ChanServ changed the topic of #aarch64-laptops to: Linux support for AArch64 Laptops (Chrome OS Trogdor Devices - Asus NovaGo TP370QL - HP Envy x2 - Lenovo Mixx 630 - Lenovo Yoga C630 - Lenovo ThinkPad X13s - and various other snapdragon laptops) - https://oftc.irclog.whitequark.org/aarch64-laptops
weirdtreething has quit [Remote host closed the connection]
<icecream95>
Is it true that EL2 cannot force interrupts to be masked at EL1? If so, that's annoying, because if a nested hypervisor has HCR.IMO==0, then interrupts need to be masked regardless of PSTATE.
<icecream95>
Perhaps there is some GIC configuration I can set, I'll look at the specifications...
weirdtreething has joined #aarch64-laptops
chrisl has joined #aarch64-laptops
chrisl has quit [Ping timeout: 480 seconds]
<icecream95>
Hmm so it seems that reinjecting exceptions shouldn't be too hard. Won't help if there's an interrupt storm though, but *surely* no hypervisor would maliciously cause an interrupt storm to prevent being run nested?
hightower4 has joined #aarch64-laptops
hightower3 has quit [Ping timeout: 480 seconds]
chrisl has joined #aarch64-laptops
chrisl has quit [Ping timeout: 480 seconds]
minecrell has quit [Read error: Connection reset by peer]

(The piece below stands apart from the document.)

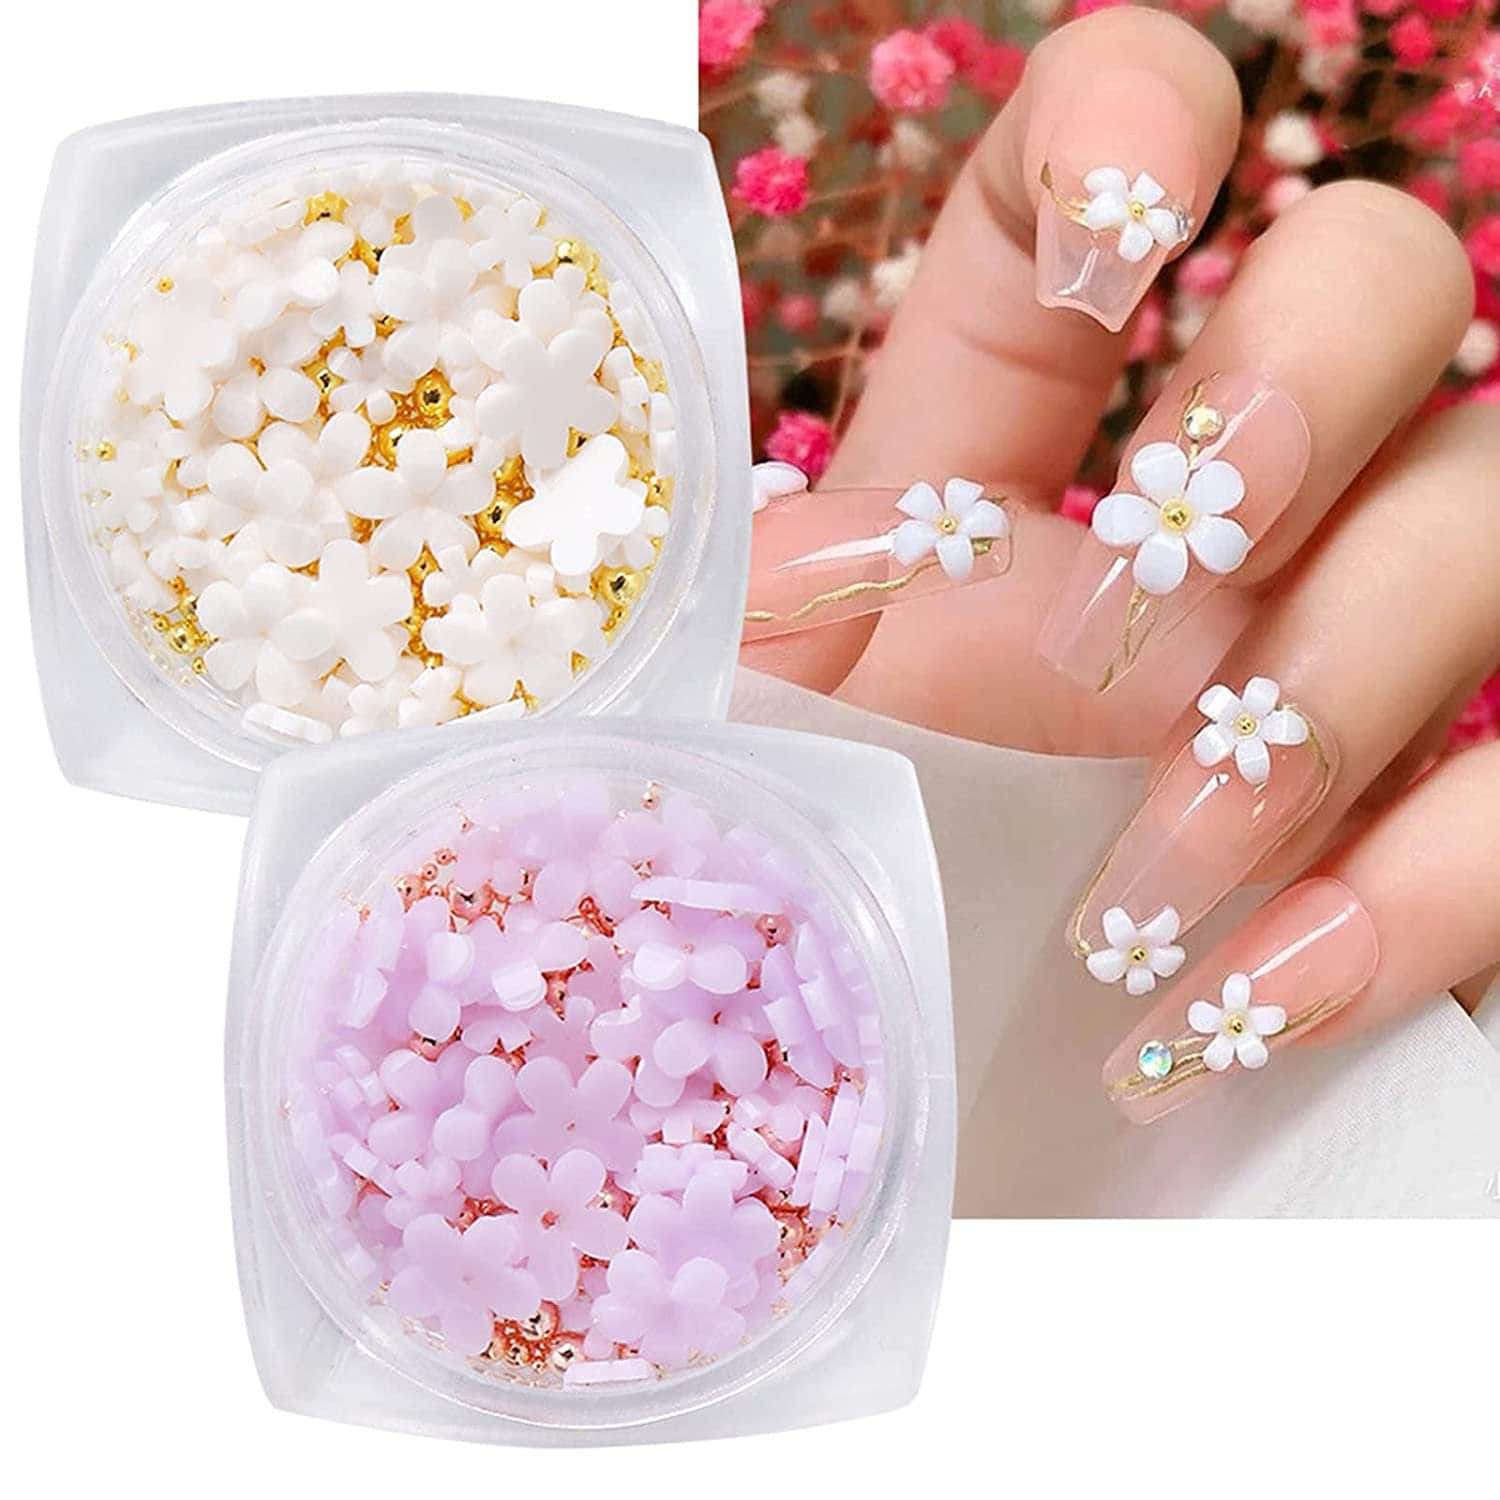 maycreate 3D Flower Nail Charms, Nail Art Resin Flower Decals for
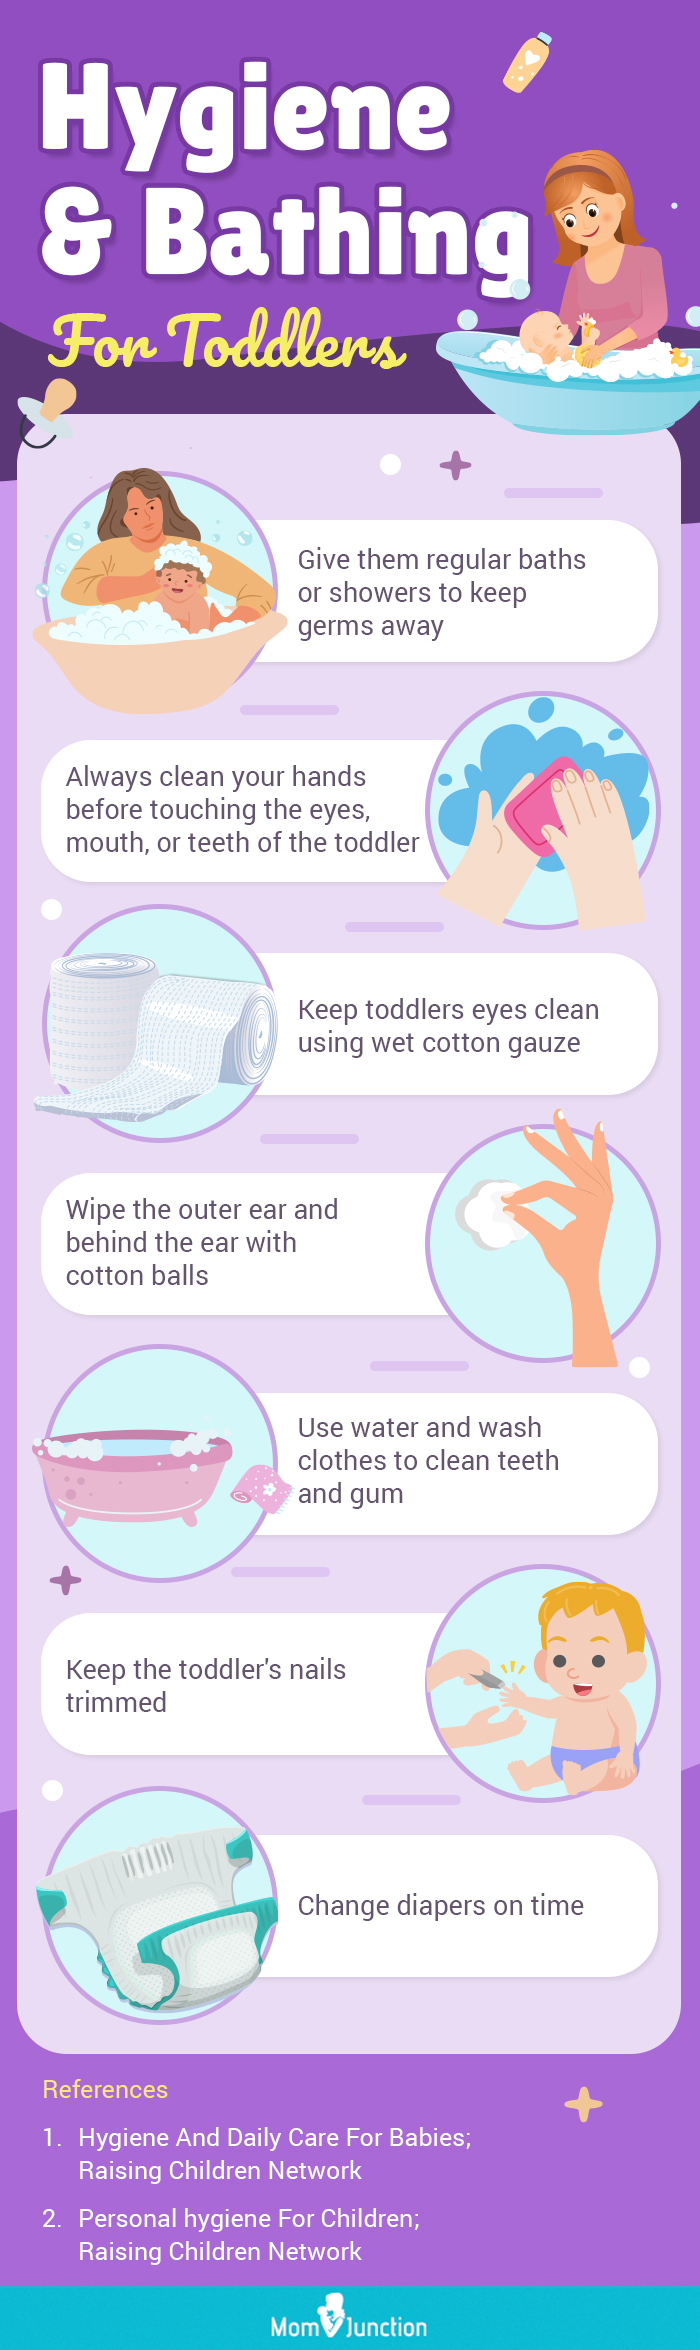 hygiene and bathing for toddlers (infographic)

minecrell has joined #aarch64-laptops
tobhe has joined #aarch64-laptops
<icecream95>
Hmm, (on vivobook) noticing blue screens often happen after plugging in/removing charger while suspended
tobhe_ has quit [Ping timeout: 480 seconds]
hexdump0815 has joined #aarch64-laptops
hexdump01 has quit [Ping timeout: 480 seconds]
chrisl has joined #aarch64-laptops
chrisl has quit [Ping timeout: 480 seconds]
alfredo has joined #aarch64-laptops
<icecream95>
Seems it also can happen even when charging for the whole duration of suspend
<chenxuecong[m]>
Is there a new debian iso for x13s?
alfredo has quit [Quit: alfredo]
chrisl has joined #aarch64-laptops
chrisl has quit [Ping timeout: 480 seconds]
<steev>
should be able to use any testing+ debian iso for x13s
<zdykstra>
Void Linux just released new ISOs, the aarch64 iso supports the x13s now
neggles has joined #aarch64-laptops
jhovold has joined #aarch64-laptops
chrisl has joined #aarch64-laptops
jglathe_angrybox has joined #aarch64-laptops
chrisl has quit [Ping timeout: 480 seconds]
<maz>
icecream95: this is indeed broken in the architecture. work is under way to retroactively fix it.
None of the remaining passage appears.